§ **TASK REQUIREMENTS**: Using only the entries below, output the lines starting at the one containing "Honeywell Lyric T6 Pro Wifi Manual - LYRICUT" and ending at the one containing "Chunky Knit Blanket, Blanket, Super", exactly and inclusive of both, omitting the pictures.

§ **EXERCISE MATERIALS**:

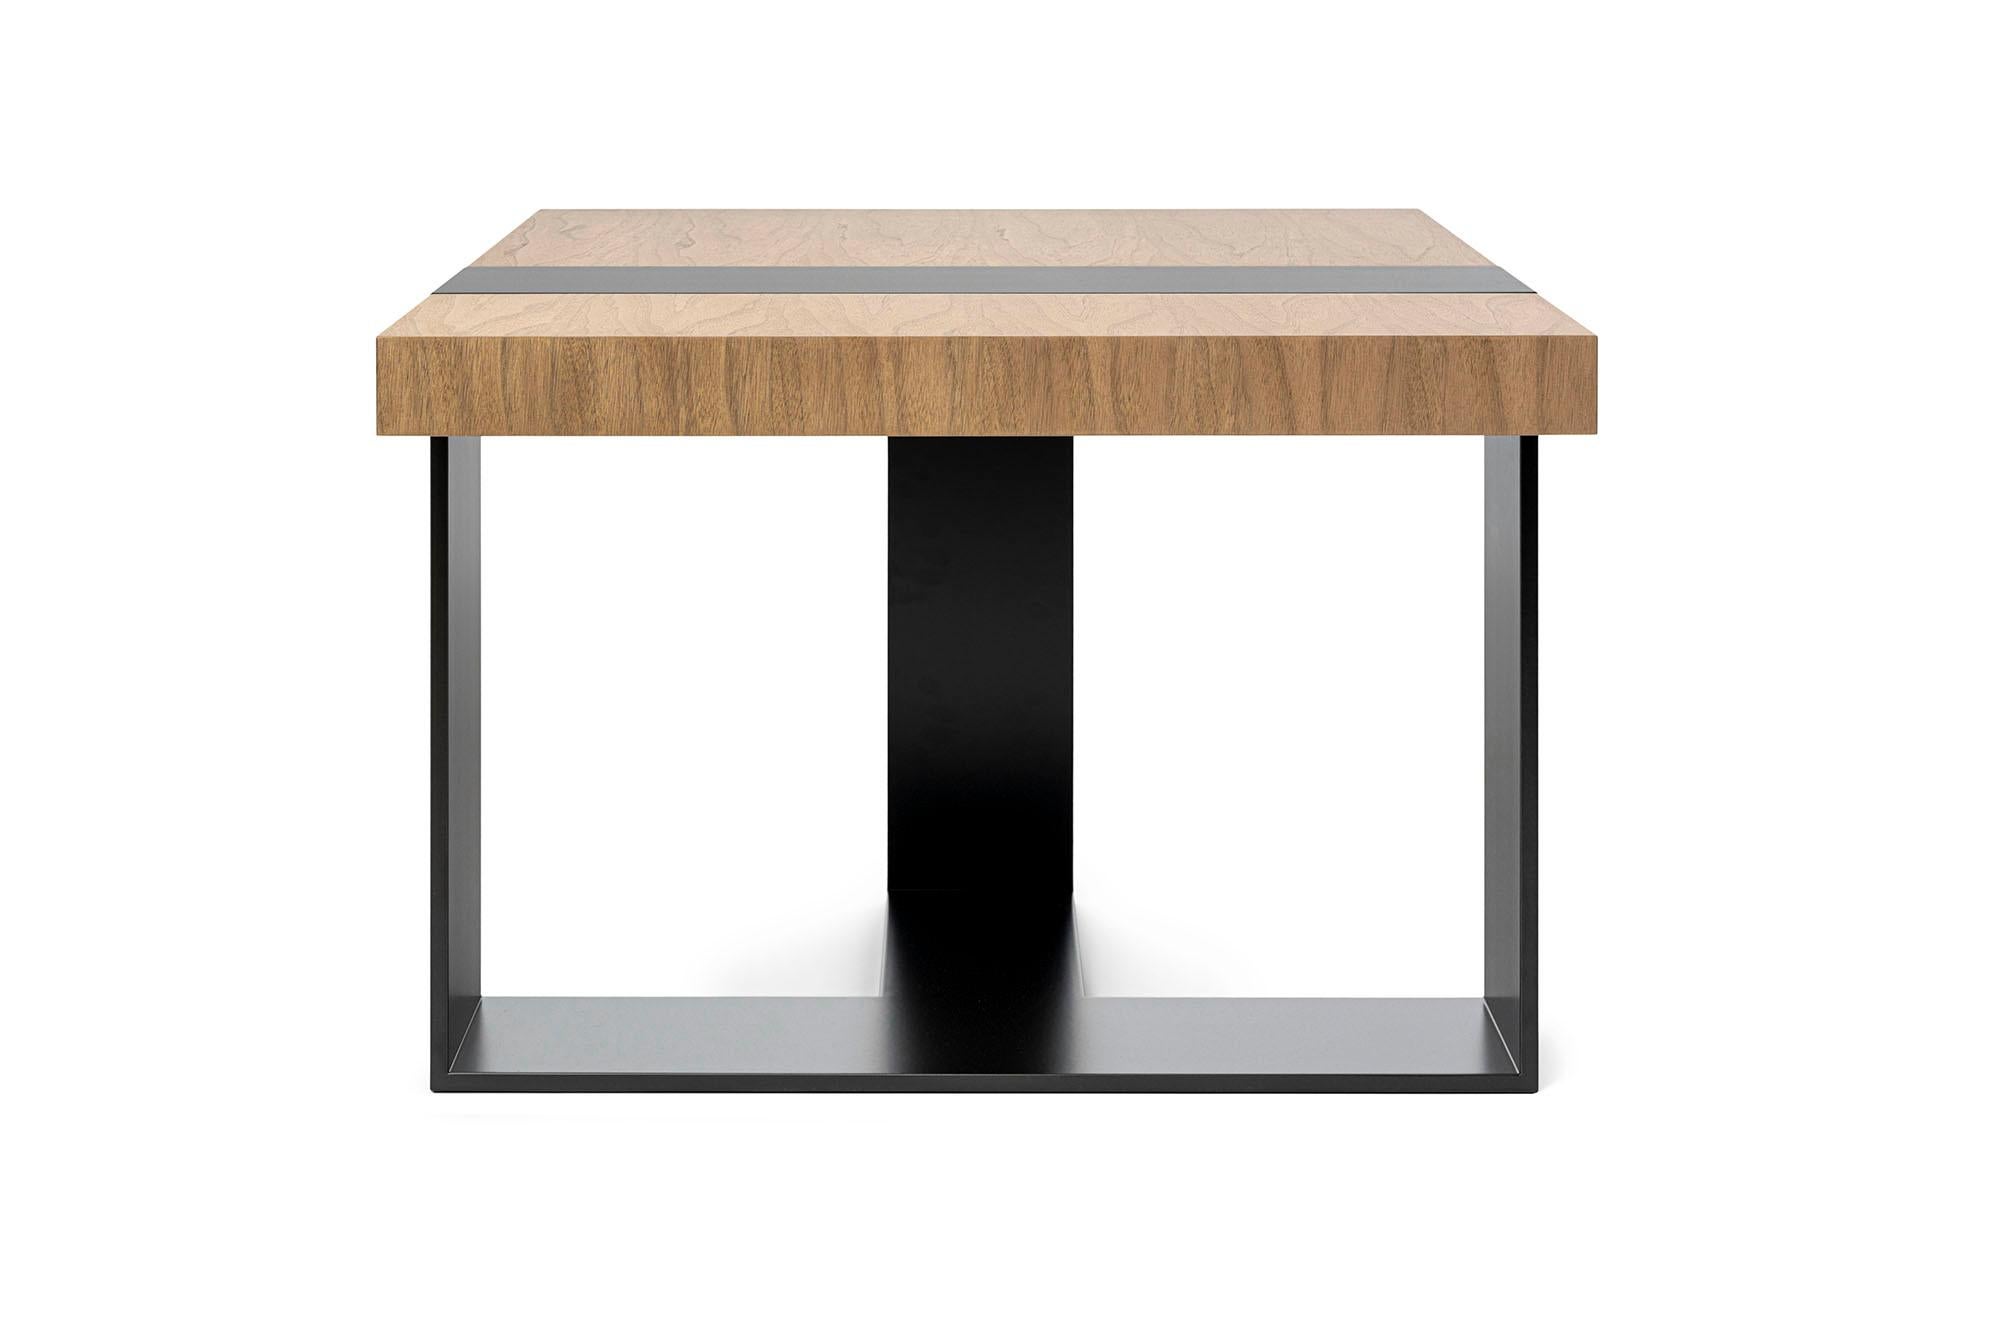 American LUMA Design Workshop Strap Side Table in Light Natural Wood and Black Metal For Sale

==

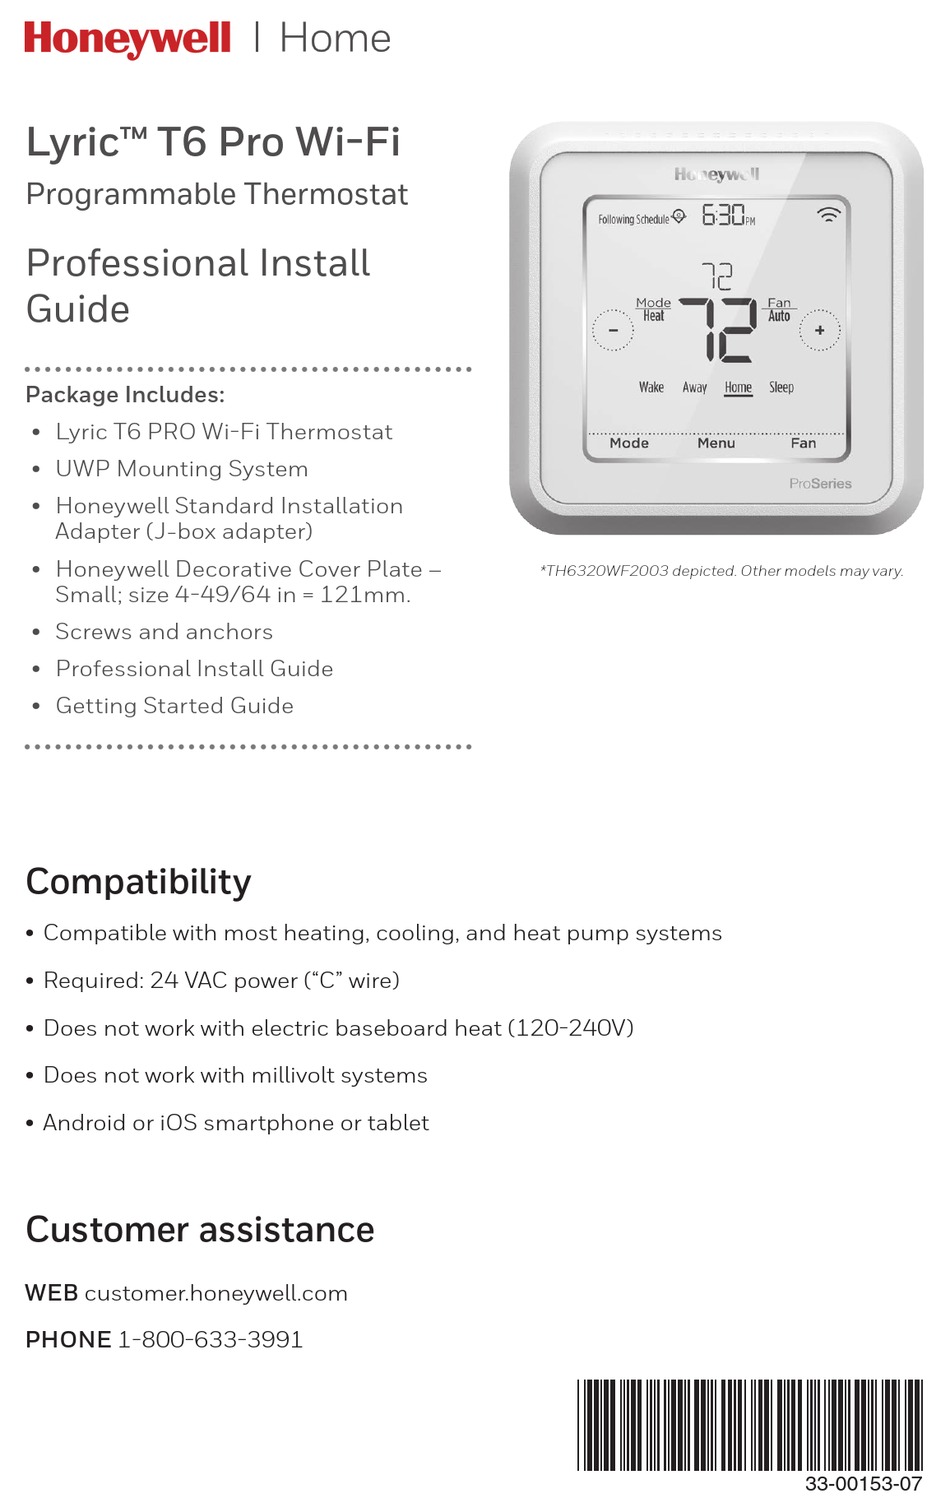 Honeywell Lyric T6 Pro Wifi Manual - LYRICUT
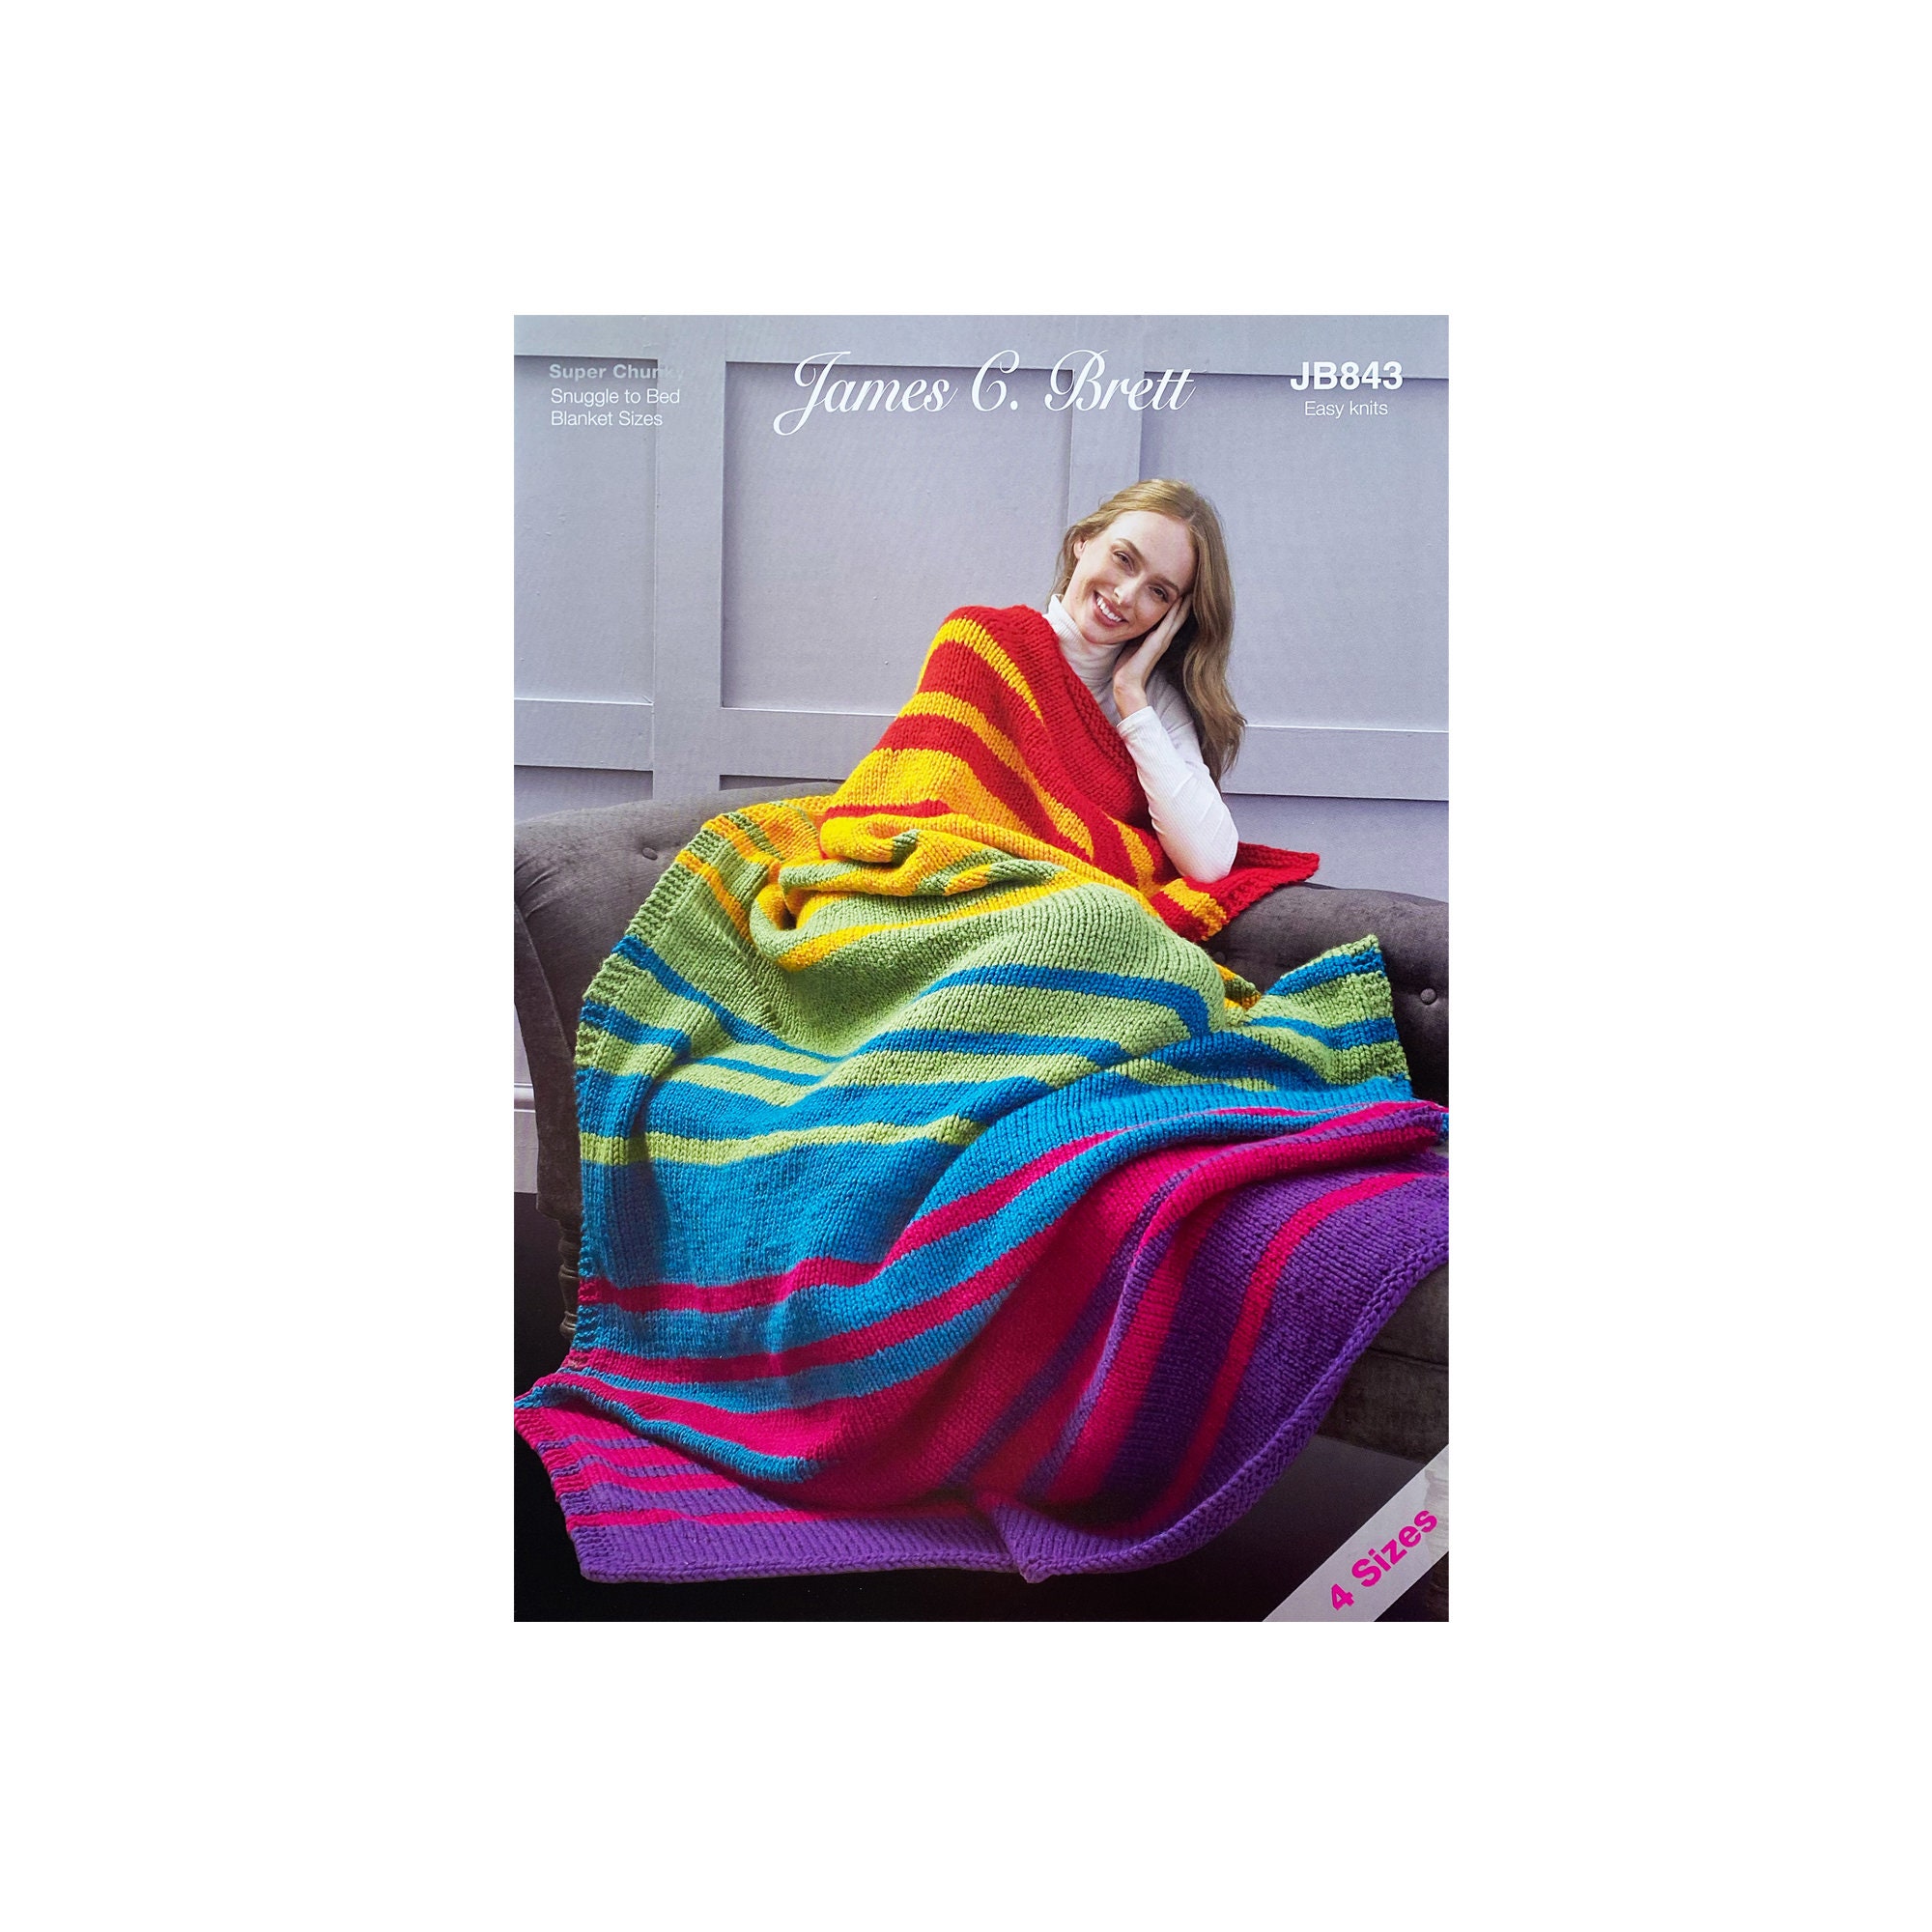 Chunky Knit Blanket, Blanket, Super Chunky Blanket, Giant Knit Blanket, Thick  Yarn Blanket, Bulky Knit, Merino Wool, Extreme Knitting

§ **ANSWER BOX**:
 Honeywell Lyric T6 Pro Wifi Manual - LYRICUT
 Chunky Knit Blanket, Blanket, Super Chunky Blanket, Giant Knit Blanket, Thick  Yarn Blanket, Bulky Knit, Merino Wool, Extreme Knitting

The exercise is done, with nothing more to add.